Of course, like any mommy, I think my babies are the cutest, smartest(welll, no, they're dumb) most wonderful boers out there.
Well, what do you think?









Sassy on the left(short human, sister) and Chessie on the right(taller human, me).
Both are a little camped under in the back(too far in).









Sassy(r) Chessie(l)

Chessie
























(the one with the human butt haha)

Sassy- I need to retell my sister how to set her up...
















She had just finished peeing, look at the guy in the background!

Thanks!


----------



## enjoytheride (Oct 5, 2007)

Pretty fine-


----------



## fritzie (Oct 6, 2007)

they look great my only thing would be that you girls need to smile more. LOL


----------



## morganslil1 (Nov 13, 2007)

Very nice.


----------



## PixieDustHollow (Oct 5, 2007)

fritzie said:


> they look great my only thing would be that you girls need to smile more. LOL


We do, mom only got pictures of us not smiling somehow! We both got first in showmanship(different classes lol), partially because each of us smiling the most.


----------



## FarmGirl18 (Oct 5, 2007)

Very pretty girls!!


----------



## lacy_94 (Oct 7, 2007)

are you going to eat them or are they show goats?


----------



## PixieDustHollow (Oct 5, 2007)

They're breed does, so they get shown and bred. Their kids, depending on the quality/market, will be for meat, pet or show.


----------



## alyssa_romine (Oct 5, 2007)

both goats look really well. I like yours more though. She looks more meaty to me. I like the wide and deep goats and she looks really good.


----------



## PixieDustHollow (Oct 5, 2007)

Chessie is 100% and Sassy is 97%. Chessie's sire is Sassy's grandsire.

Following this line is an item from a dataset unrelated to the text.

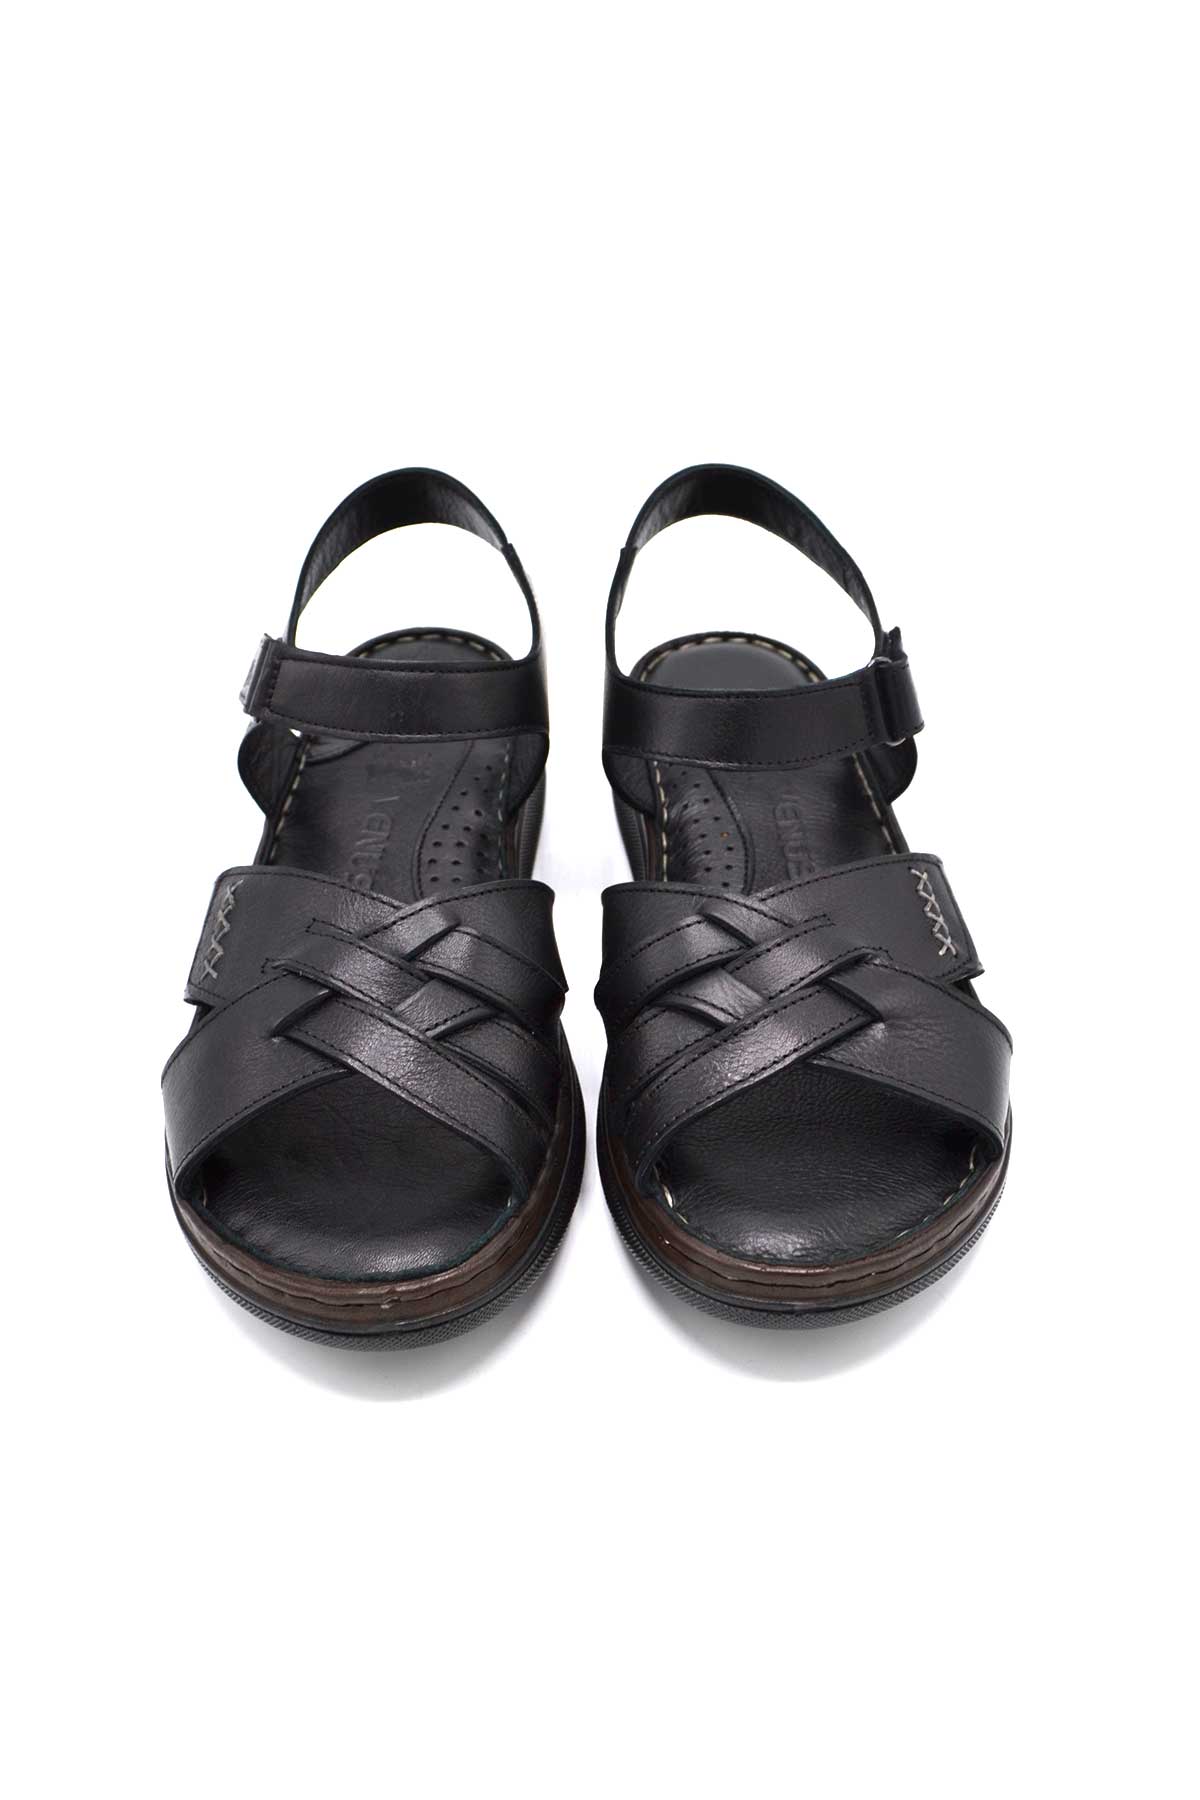 Kadın Comfort Deri Sandalet Siyah 22981709 - Thumbnail

I'd like both of them longer and wider, but both track well and are fleshy.


----------



## alyssa_romine (Oct 5, 2007)

They do look wonderful...are these does you got out of your breedings


----------



## PixieDustHollow (Oct 5, 2007)

Nope. These two are my first boers, beisdes one FFA market wether.


----------



## goathappy (Oct 5, 2007)

They look very nice. I don't know much about boer conformation but your doe has very good muscling.


----------



## alyssa_romine (Oct 5, 2007)

Oh, cool! Will you be breeding them?


----------



## getchagoat (Julie) (Oct 5, 2007)

Very nice. Yours' rump is better.


----------



## fcnubian (Oct 23, 2007)

Nice pictures


----------



## badnewsboers (May 9, 2008)

Nice pair of goats you have. Its obvious they're well taken care of.

I like the more productive rib shape of your doe. The other goat pinches in behind the shoulder some and is steeper rumped, however she is more extended through the front end and is more feminine in appearance. They both would make great additions to any breeding program.


----------